Suppose a person has lived in their primary residence for one year. Then he moves to an assisted living facility in the same town. He keeps their residence, and does not rent it out.
One year later he wants to sell it. Technically he has not lived in the home 2 years out of the last 5, the criterion for taking the $250,000 gain exemption on the sale of a home. However, he did not change the address on his driver’s license, voter’s registration, and continued to pay upkeep on the home.
Does the fact that he did not physically live in the house for that year mean he can not take the exemption?
The exemption requires that the house be your primary residence for 2 of the last five years. Your primary residence is the place where you live the majority of the time. Simply having bills sent to a house does not make it your primary residence.

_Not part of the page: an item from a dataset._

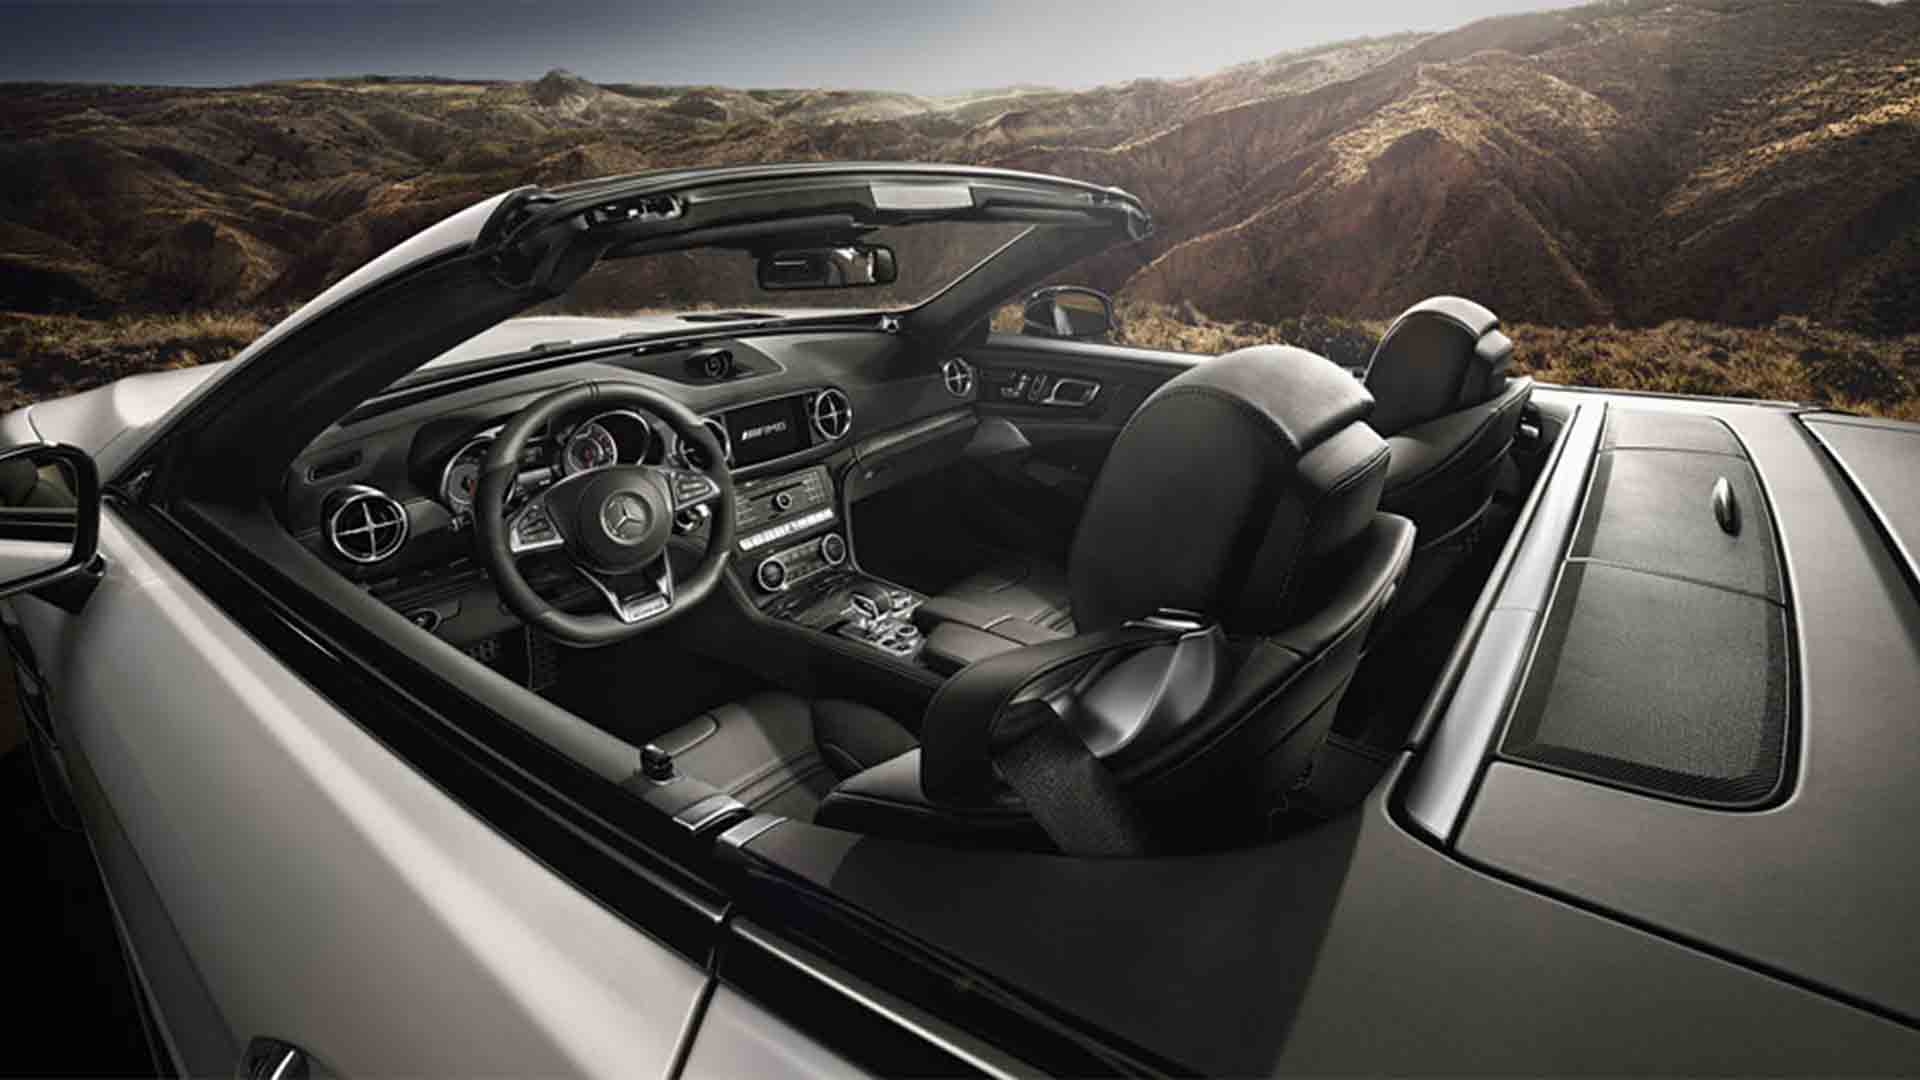 La evolución de la excelencia: Mercedes Benz SL 63 AMG ... - Telemundo

Unless he is audited, the IRS will probably not know that the house was not really used as his primary residence. If he is audited, the IRS will figure out that he hadn’t really lived there in the past year. They’ll dig into his entire life until he admits that he was pulling a scam.
The penalties for committing tax fraud are severe. It’s probably not worth the risk, especially when all he’s trying to save is the tax on one year’s worth of appreciation in the house’s value. It’s quite possible that he would not owe any tax at all anyway - his cost basis may be more than what he would get when he sells.
I believe there are exceptions in the primary-residence capital gains exclusion rule for certain circumstances, such as the situation posed by the OP. Check the IRS web site and the appropriate publications for details.